In my usage of it I found that the compact keyboard would take some time to get comfortable with and you have to scroll quite a bit while surfing.

March 30, 2009 7:00 PM  
Blogger Kn@ppster said...

I bought the next grade up from the Acer Aspire One (an Aspire laptop with a 15" screen, $358) for my younger son (the older got a Compaq laptop -- homeschooling was the excuse for both).

The Acer has performed well except in two respects:

- The keyboard was starting to fall apart within minutes of taking it out of the box; and

- I never could get the product registered online (it kept rejecting the serial number ... I bought the thing at Wal-Mart and have no reason to think it's a counterfeit).

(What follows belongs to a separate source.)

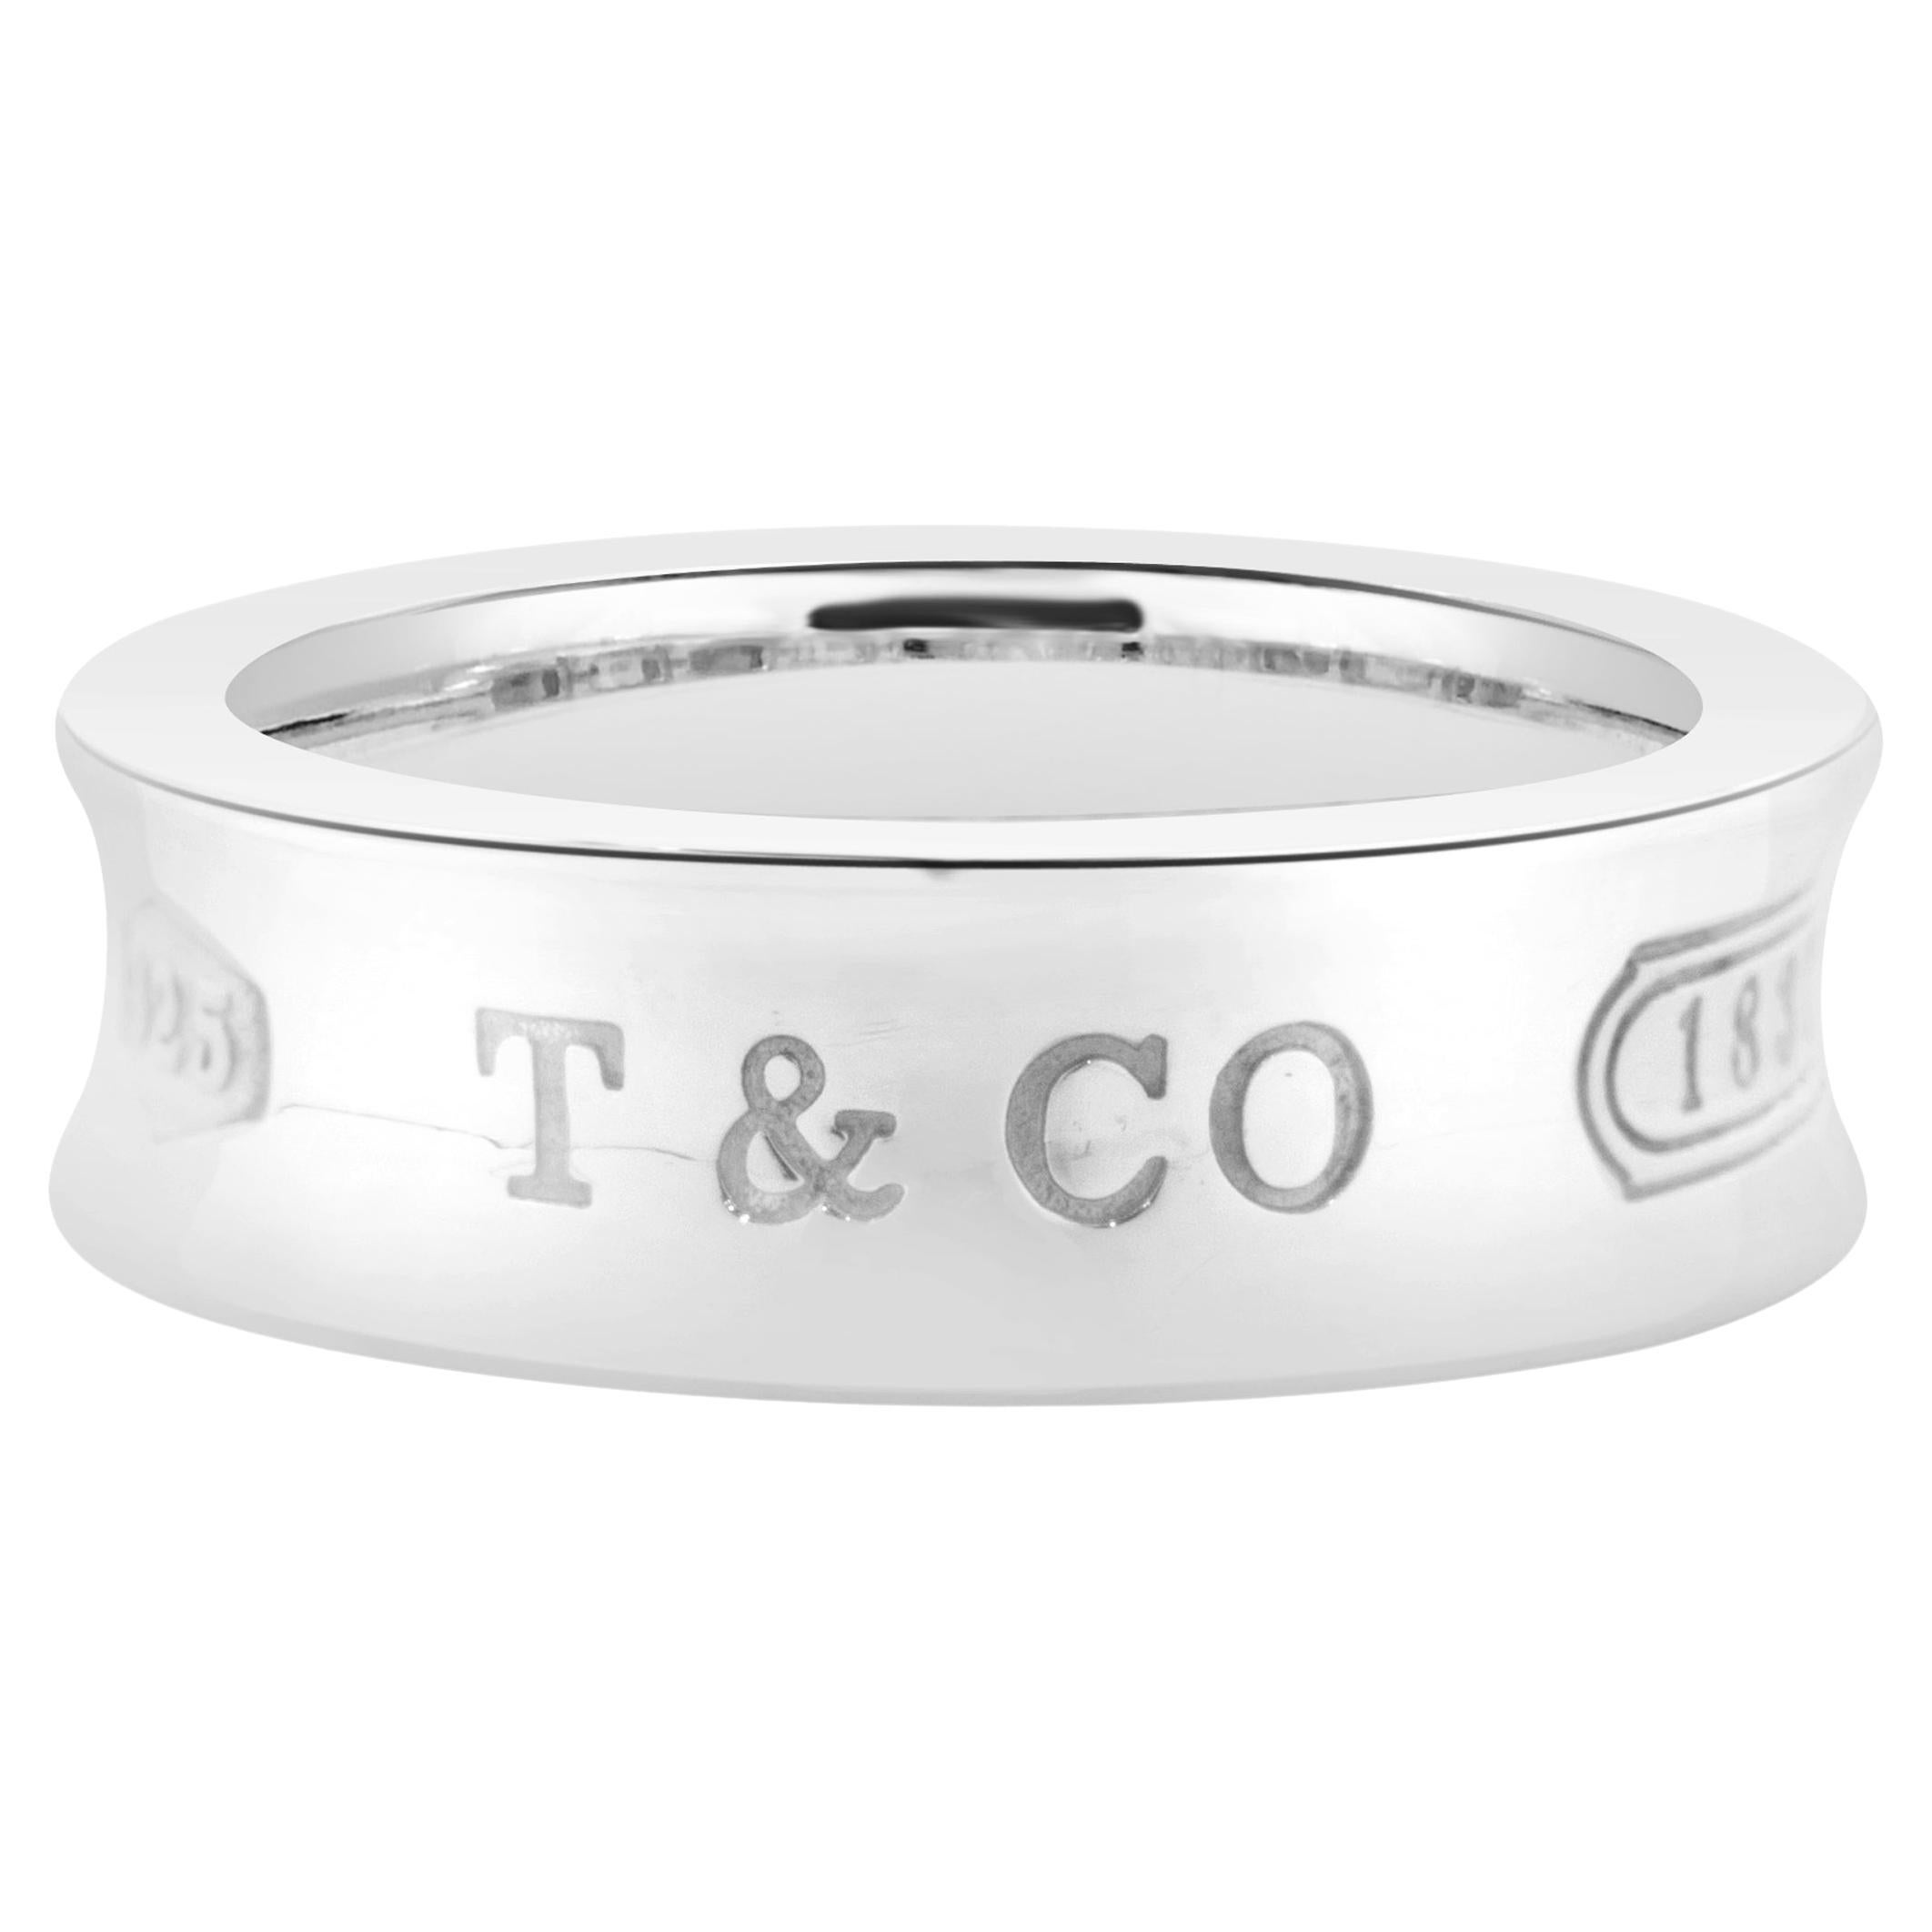 What does the “1837” on Tiffany & Co. jewelry mean?

The keyboard is no big deal for me -- when you have kids and cats around, you expect it, and we can always plug a USB keyboard in as needed -- but it probably would be for someone who carries the thing around for "netbook" type travel use and would rather not have to carry a detached keyboard, too.

Don't know if the Aspire One suffers from the same defect, or even if the defect is endemic to the 5515. I may have just got the one lemon in the bunch.

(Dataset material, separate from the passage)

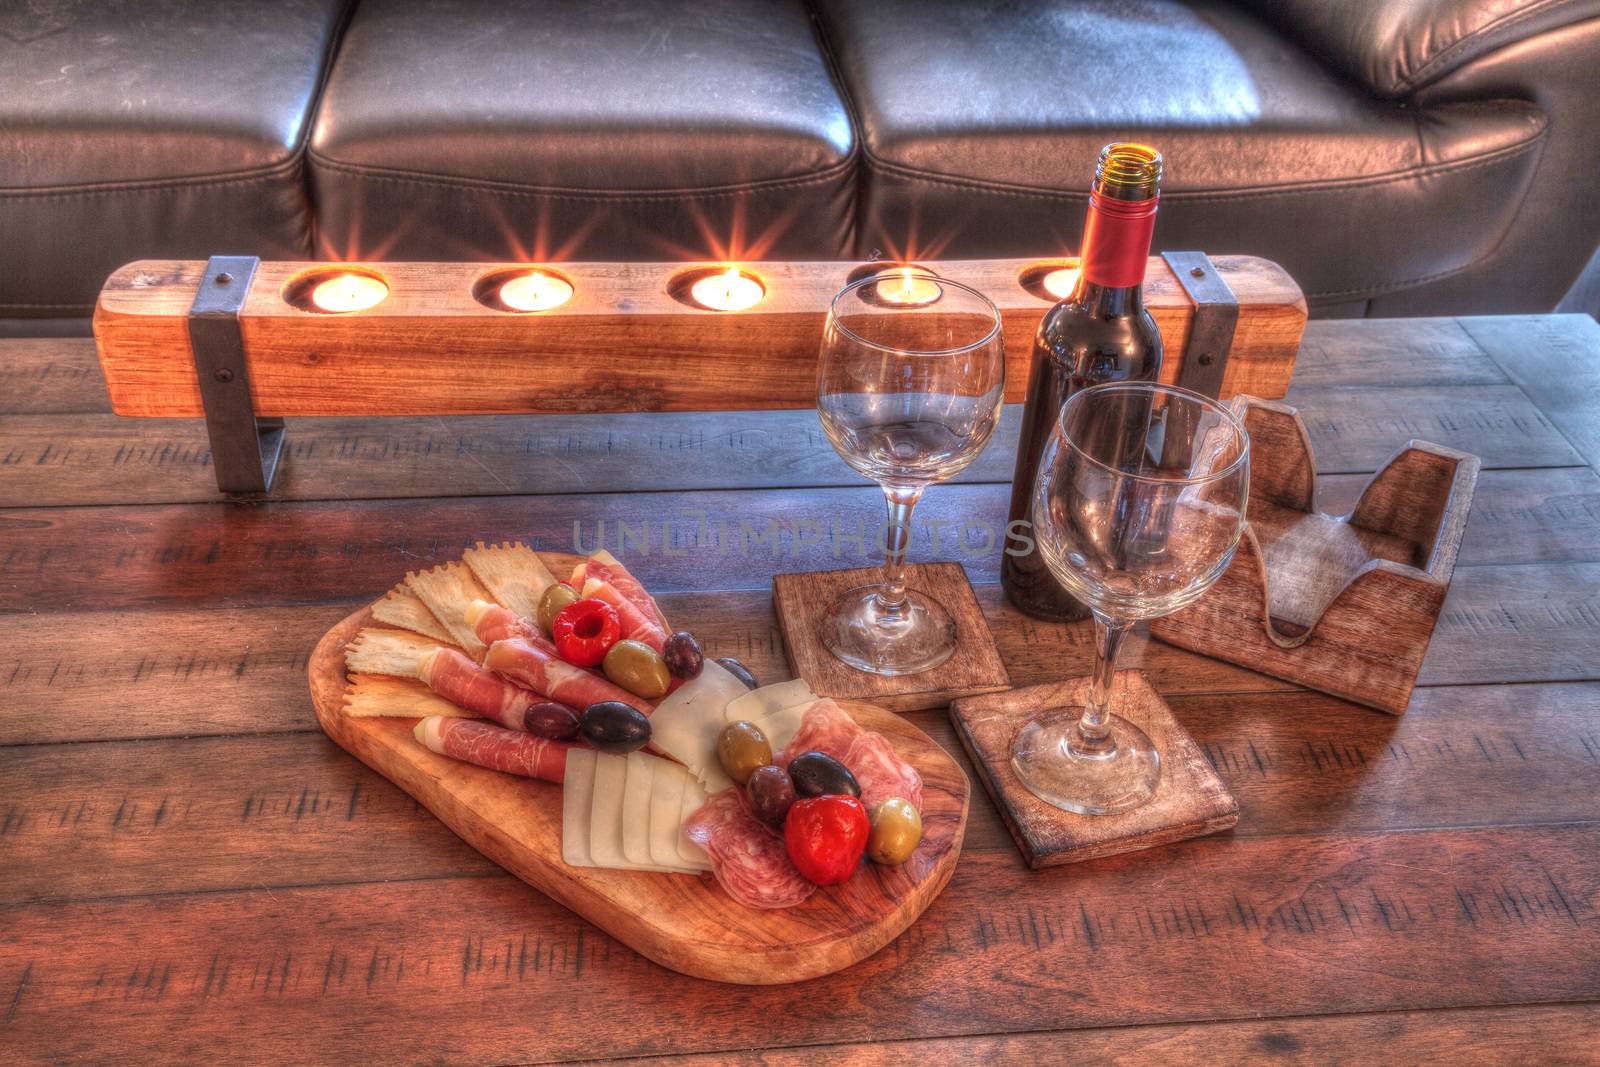 Red wine with Charcuterie board on rustic wood with candles behind a spread of prosciutto panino, mozzarella cheese, Genoa salami, Fontina cheese and artisanal crackers.

An alternative to buying a new "netbook" is to grab an old laptop and install a low-demand OS like Puppy Linux on it. It'll get you online, and it will run fast even with an older processor or not a lot of RAM.

That's what I'm doing on my desktop with an obsolete or near-obsolete machine. I realized that most of my stuff is done on the net anyway, and that most of the rest can be done "in the cloud." Machine runs MUCH faster than with one of the newer full-featured OSes. My guess is 8-10 times as fast as it ran with OpenSuse 11.

March 31, 2009 10:57 AM  
Blogger J.D. Tuccille said...

Homeschooling as an excuse to buy gadgets. Hmm ... I like.

Thanks all of you for the feedback. I'm leaning toward the Asus Eee PC 901, but I haven't made a decision yet.

March 31, 2009 12:48 PM  
Blogger David said...

My 17 year old son got an eePC (the Windows version) for Christmas and uses it constantly, or whenever he's not texting on the stupid cell phone. He appears quite happy with it, but the one time I tried to edit one of his school papers on it I found it nearly impossible to touch-type using its reduced-size keyboard. It is tiny, has all the big PC bells and whistles, and is a "home run" for portability and battery life, but before you get one, test drive the heck out of the demo unit at a store to make sure you think you can adjust to the keyboard (my son says it's no big deal, he adjusted just fine).